Work item
In the material below, begin at the line that has "Gold-Wave-Mosaic-Shade-and-Tray", stop after the line that has "Frasco quadrado 30 ml Shampoo Saudade", and transcribe those lines exactly, without pictures.

Material to process
- - - - - - -

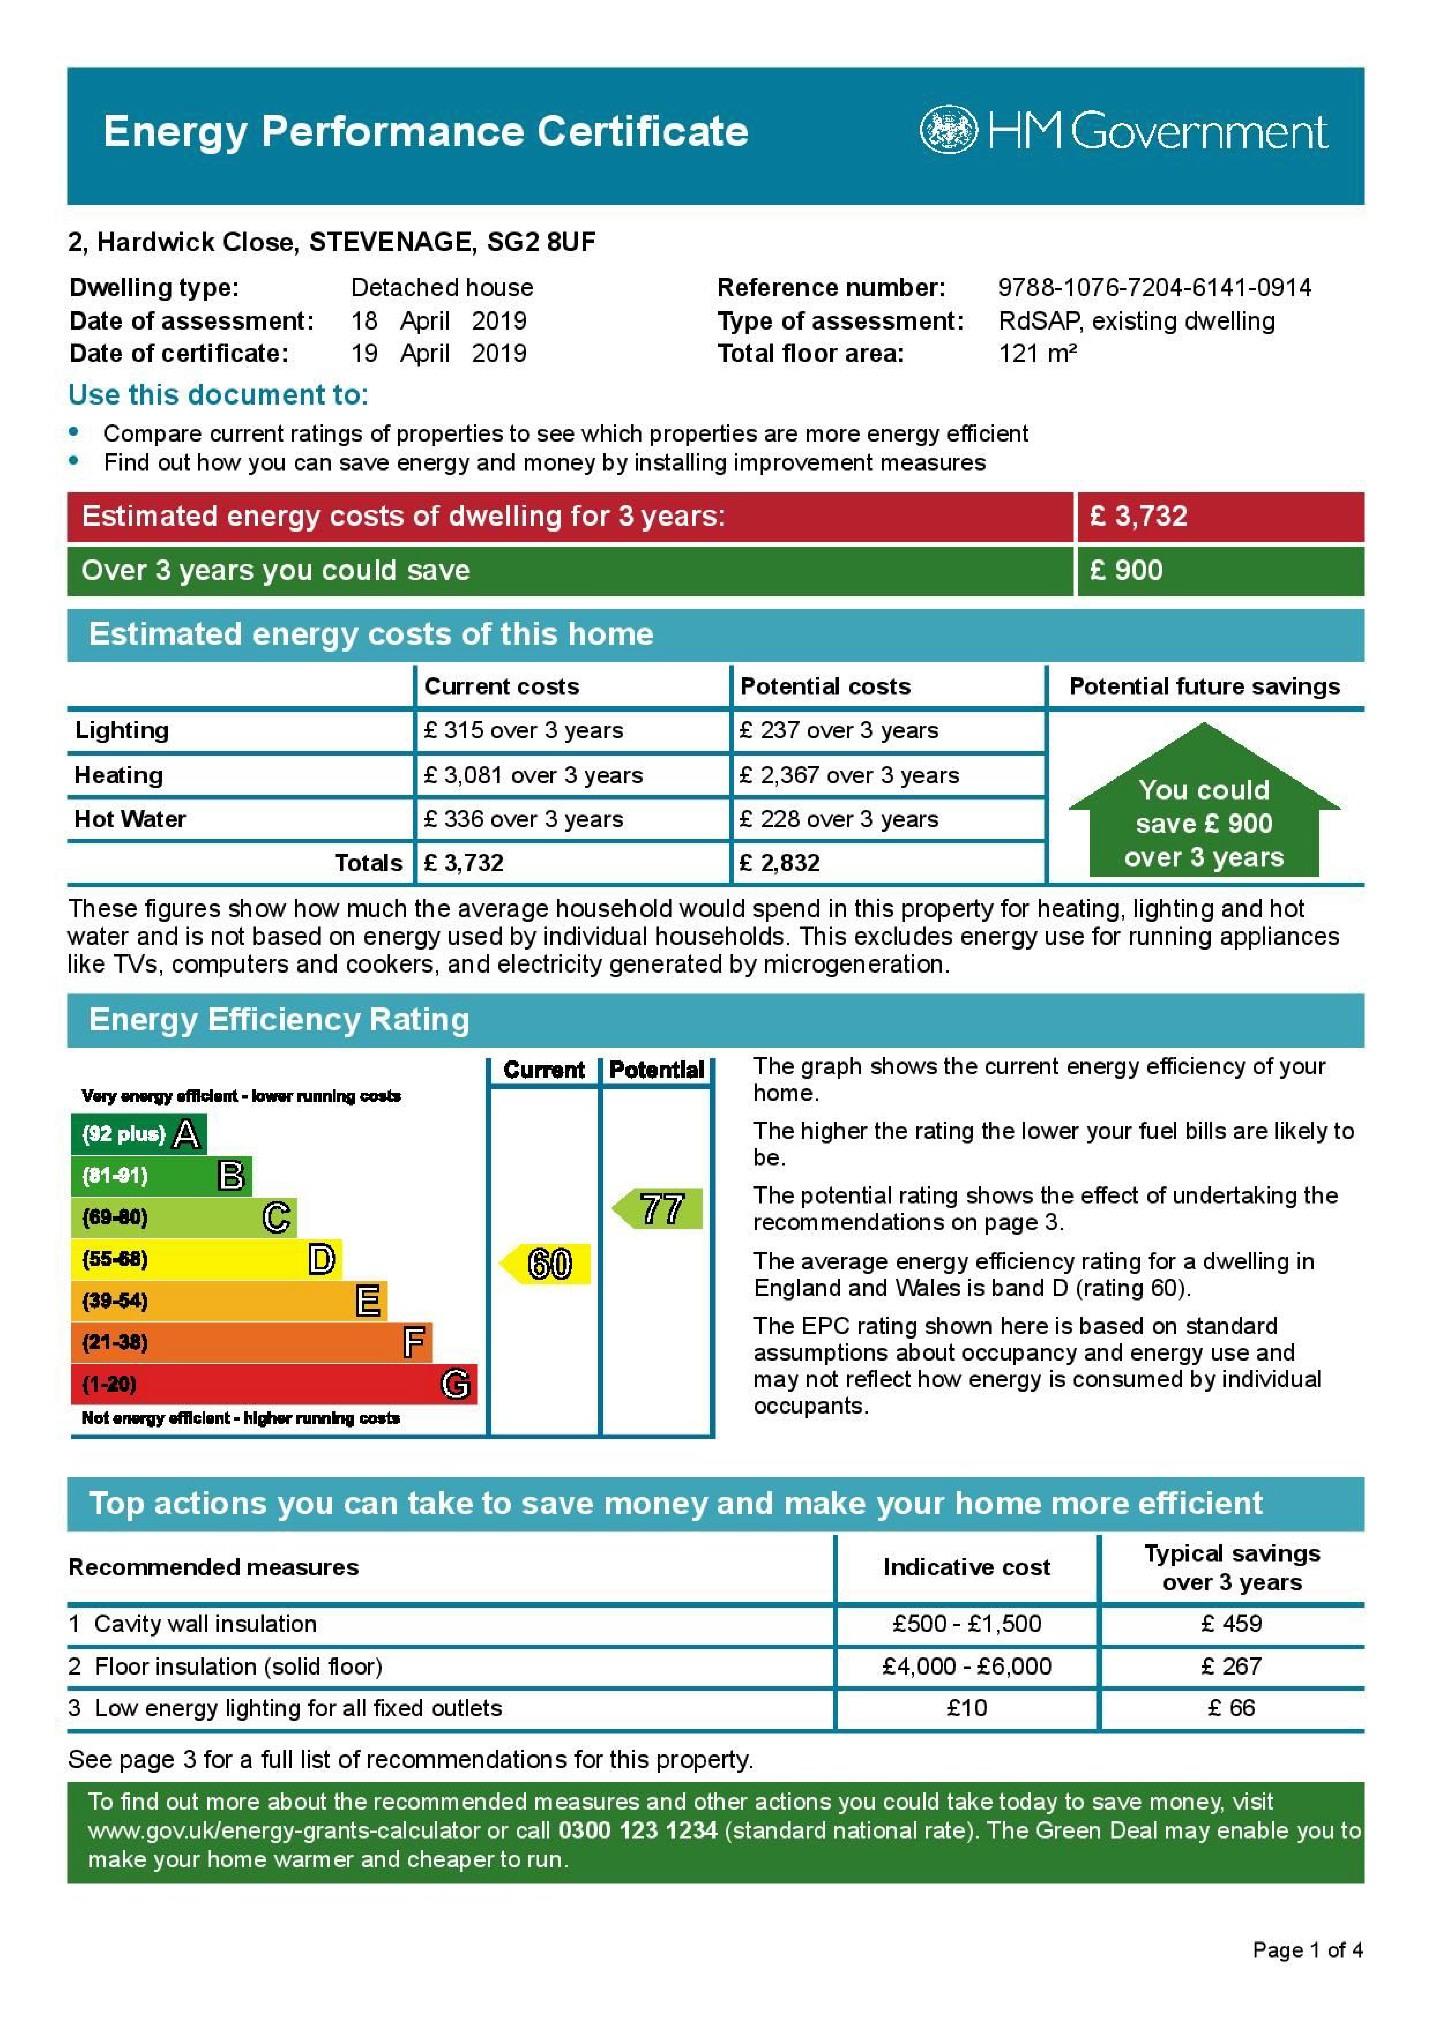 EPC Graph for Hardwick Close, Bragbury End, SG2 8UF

- - - - - - -

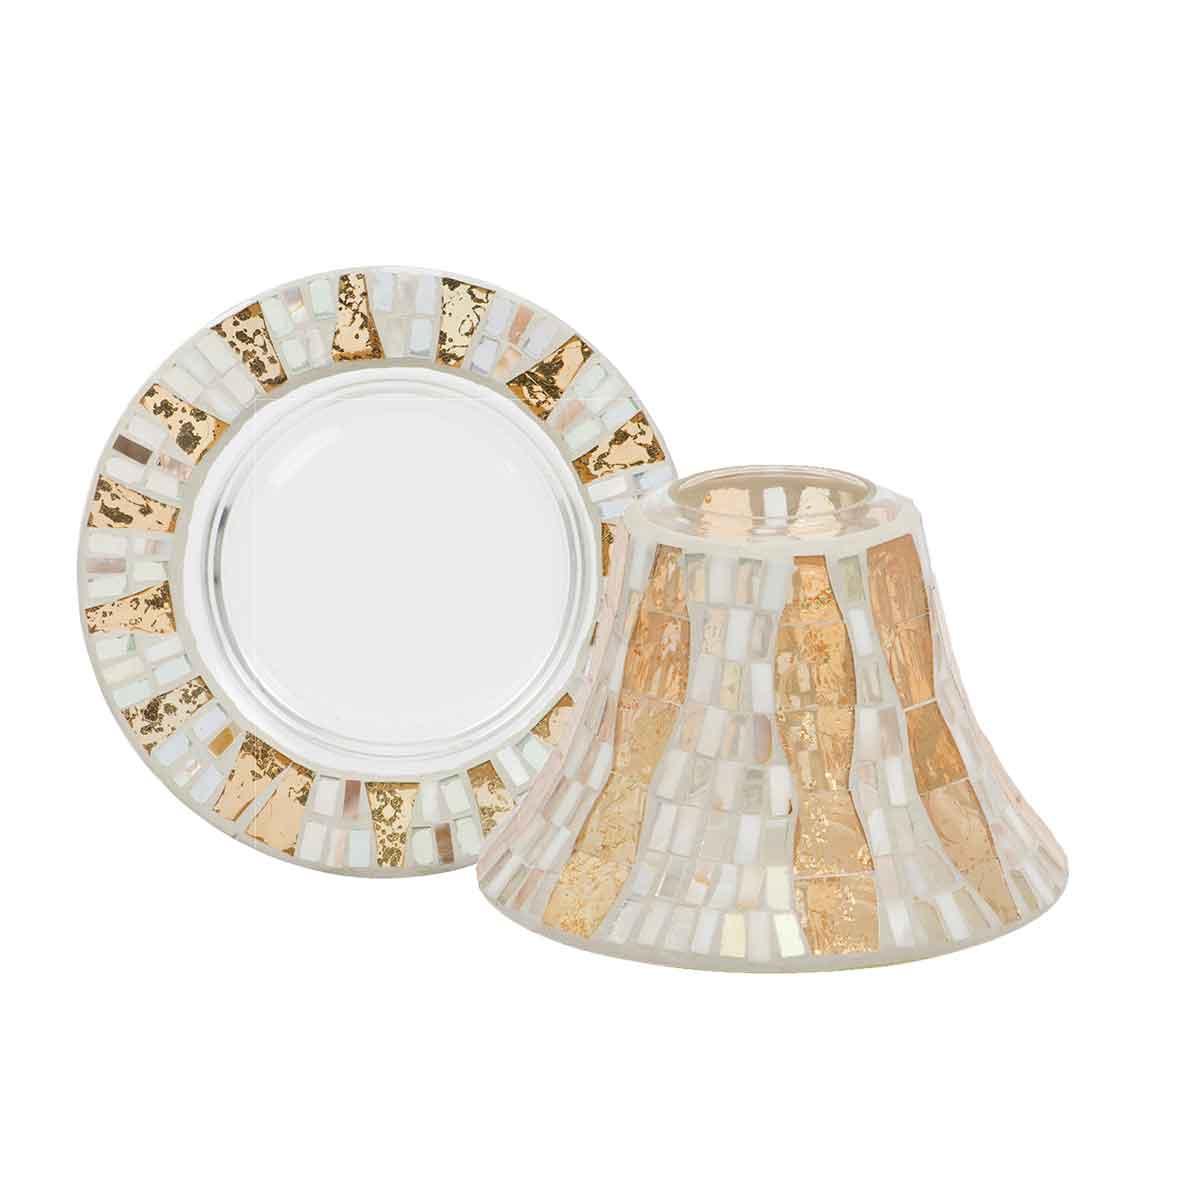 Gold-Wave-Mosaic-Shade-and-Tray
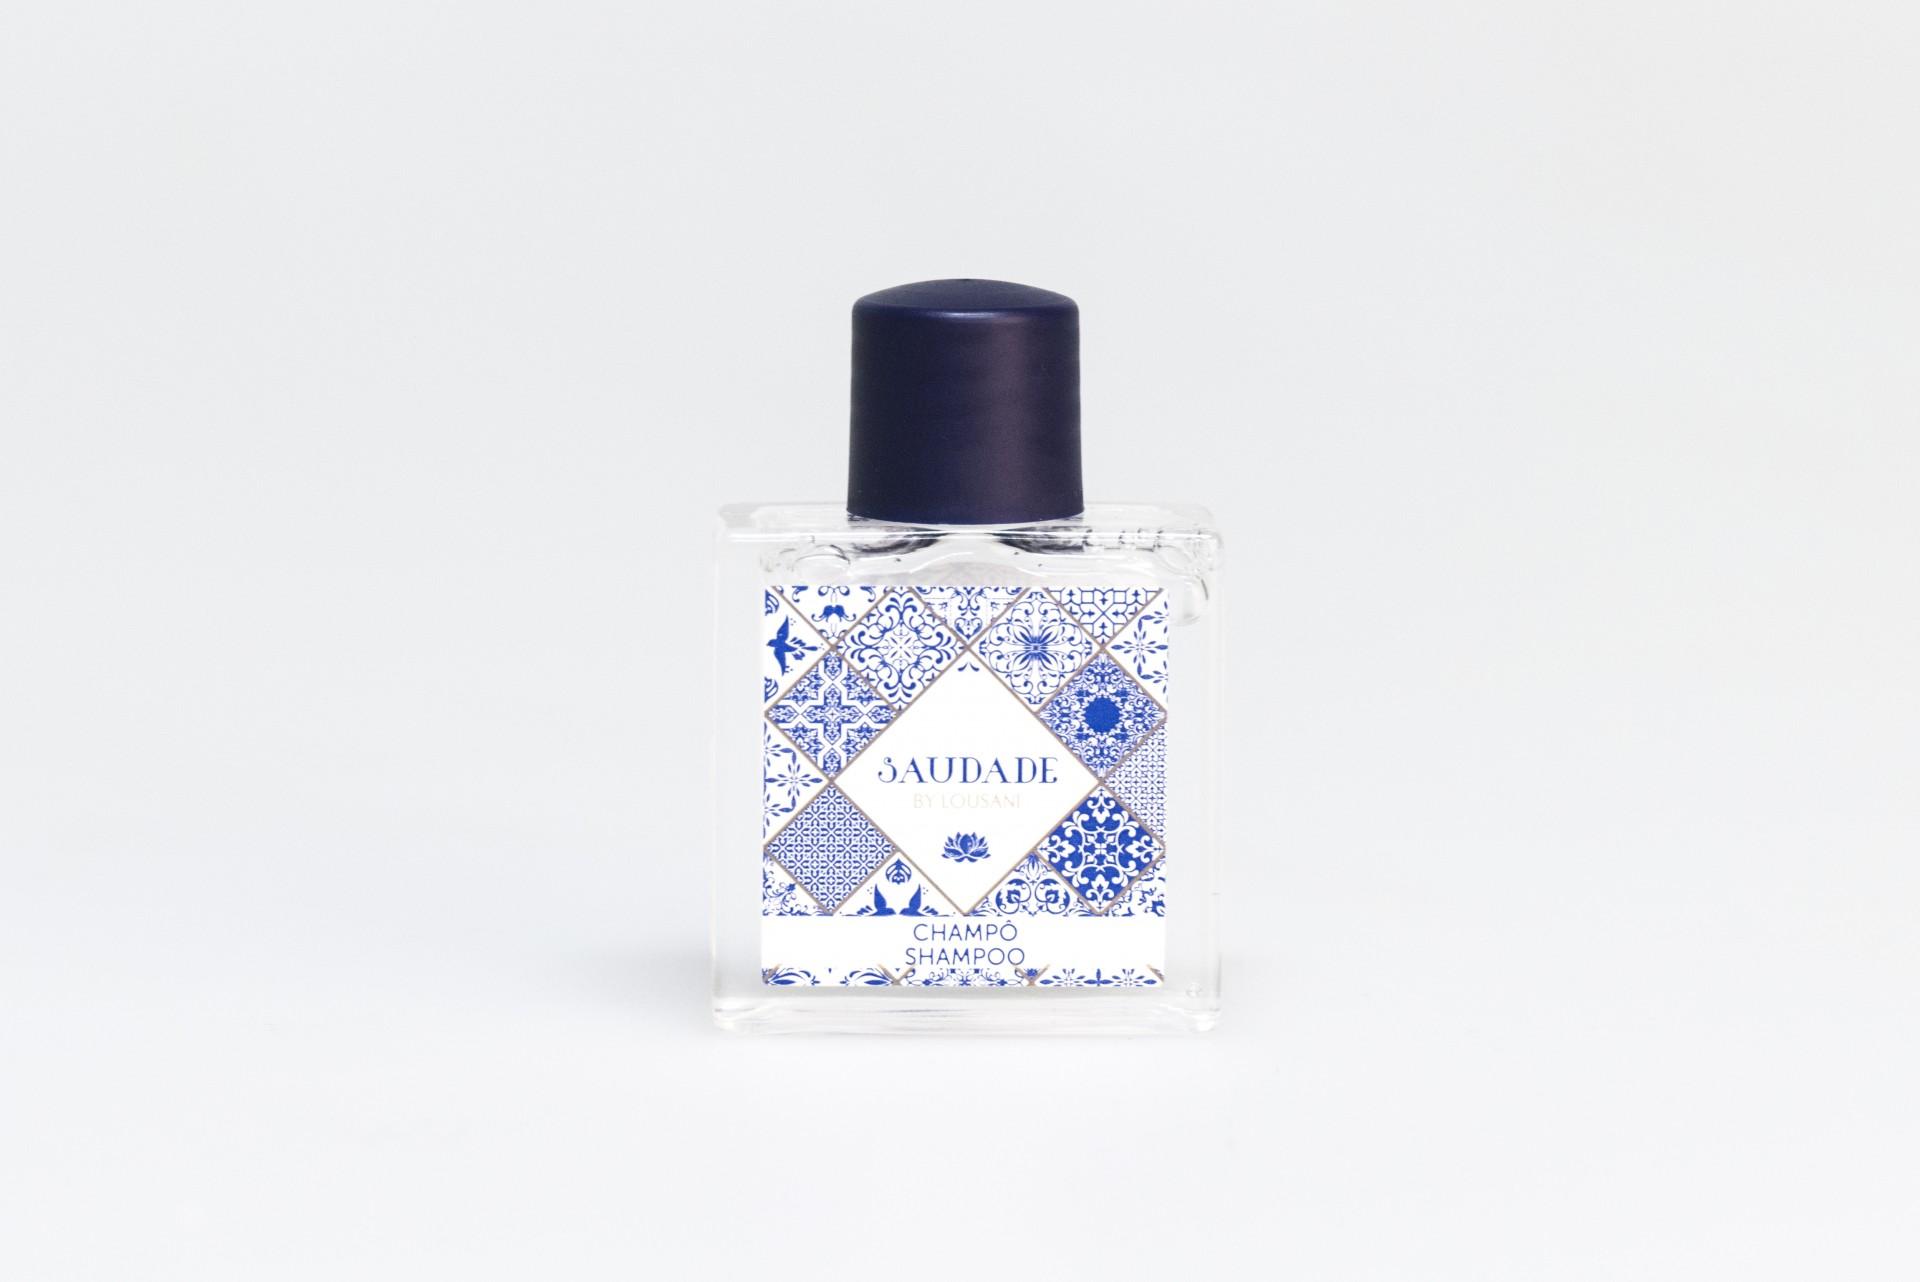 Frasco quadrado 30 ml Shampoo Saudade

- - - - - - -

Answer area
 Gold-Wave-Mosaic-Shade-and-Tray
 Frasco quadrado 30 ml Shampoo Saudade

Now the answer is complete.